The show does a half-decent job conveying this and points out that both basically have equal weight. There’s a read on this that’s “here’s what Bradley would do to report on this serious story and do some proper journalism”… but also… isn’t lying to the FBI enough? Like… straight up that should be enough to justify it.

And we know this is the case because the episode’s final beat is Yanko telling Bradley to fuck off forever. He refuses to sit at the desk with her ever again. This investigation is not just costing Bradley her sanity, it’s also costing her friends and allies.

But you know what, Bradley? Just don’t lie to the fucking FBI. And you certainly shouldn’t lie to them a second time after fucking around and finding out. What the fuck is wrong with you? You should know better.

But that’s not the lane in which The Morning Show operates.

Stray Observations

  • No Cory this episode, which is a bummer. Would love to know what he would think about her lying to the FBI again, especially when his role in that first incident resulted in him losing his job.

  • It’s crazy that Stella’s departure is going to be a footnote on this show. There’s some ripples out of that, but the series really did build around her so that her departure would basically affect them at all.

  • All this, and the episode doesn’t work on a scene-by-scene level. One of the people I watch with pointed out that every scene is intensely undramatic, with no one really actively wanting anything or performing acts that push the central dramatic tension forward. Bradley and the FBI agent should be a barnburner, but the only reason it’s dramatic at all is because the premise is itself dramatic. Otherwise, it (just like every other scene) is tedious exchanges without anything even simmering.

  • That simmer includes the Alex/Bro relationship. Which is perfunctory and not based on anything other than these two being hot. At least Aniston and Hamm had electric chemistry last season.

  • Dredging up the story about Alito flying the upside down American flag was a jump scare. That was a seriously fucked up story when it happened and thank god the show resurfaced that unbelievable dogshit.

  • Also led to the incredible line “They should start a Real Housewives of the Supreme Court.”

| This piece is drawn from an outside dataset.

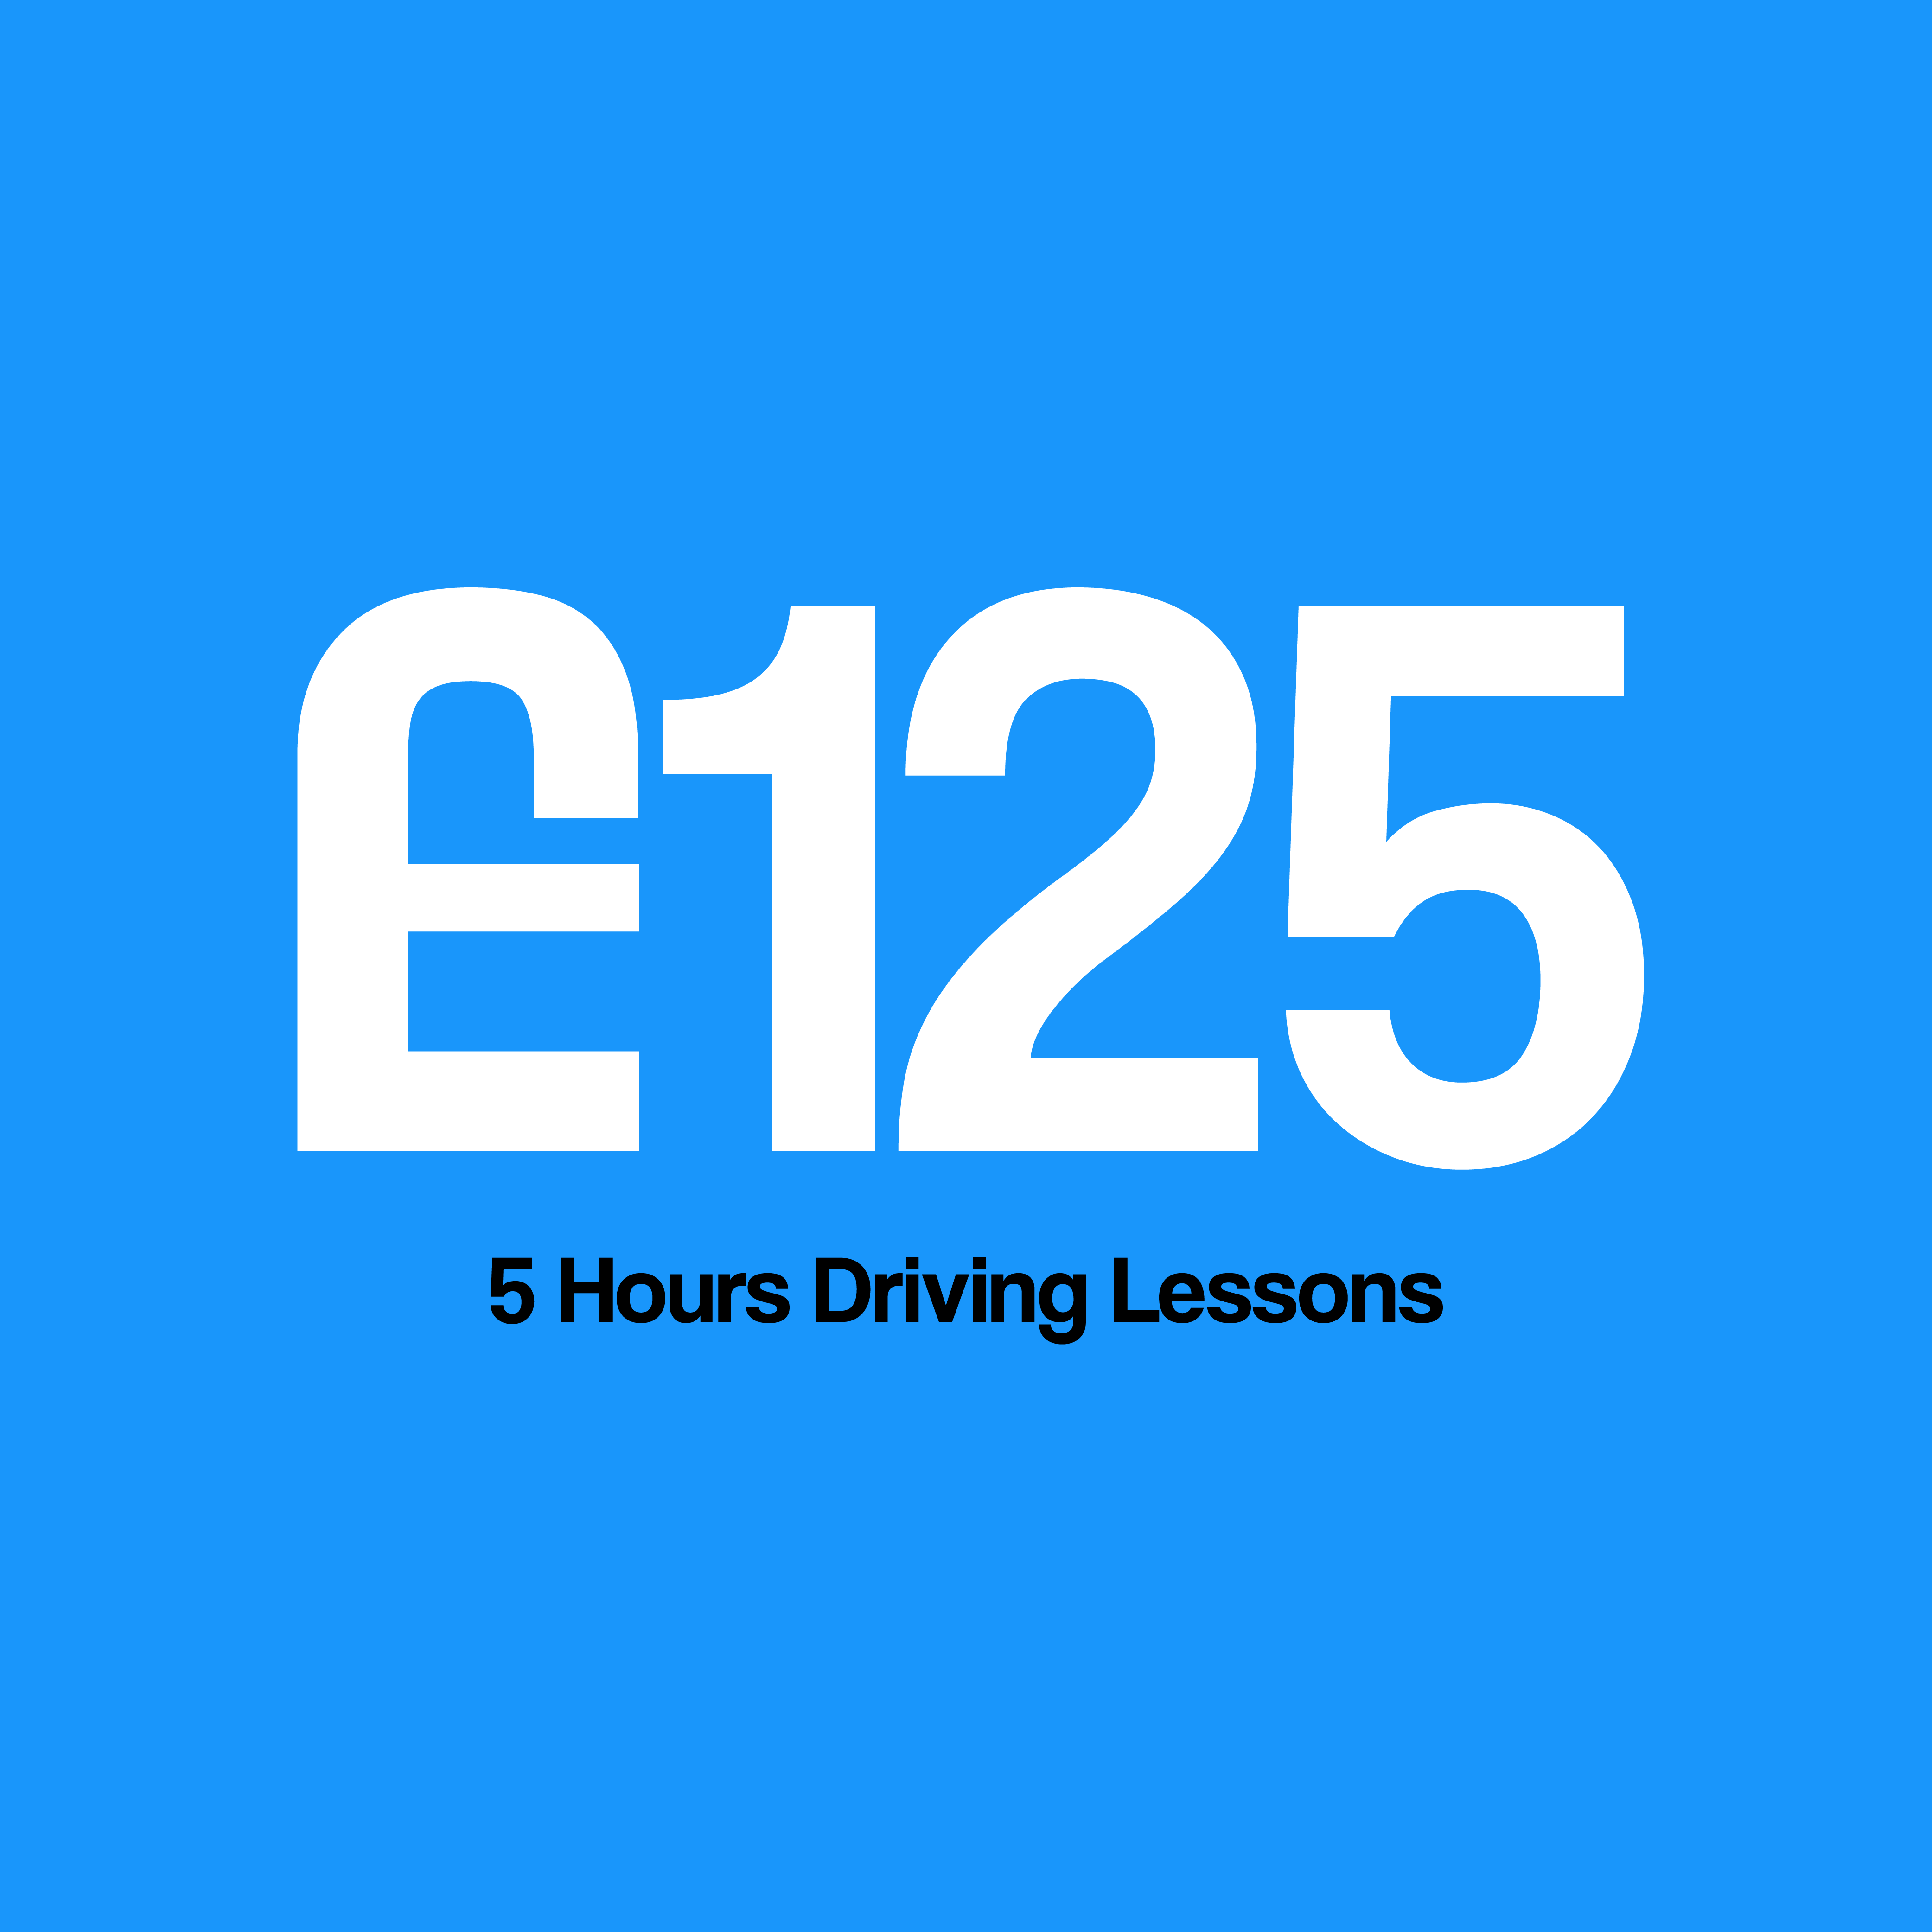 DSM School Of Motoring 5 Hours Driving Lessons

  • Chip doing karaoke to “You don’t owe me” and singing it directly to Alex is the sort of petty bullshit that should be beneath most characters’ dignity. But this is The Morning Show and the only thing that made it better was a whole bunch of people coming in to sing it with him (even if they didn’t appreciate the larger context).

  • I seriously don’t remember why Chip is so pissed at Alex.

  • Only on The Morning Show: “We’re dumping the housewares segment and we’re giving her five minutes then we cut to commercial and go to the Pat Sajack segment.”

  • There were so many laugh out loud moments but nothing was funnier than cutting from the FBI carting Claire away in handcuffs and then cutting right back to Pat Sajack’s big ass face because he’s retiring from Wheel.


  1. If this sounds vaguely familiar, don’t worry. I remembered basically none of this and had to look it up.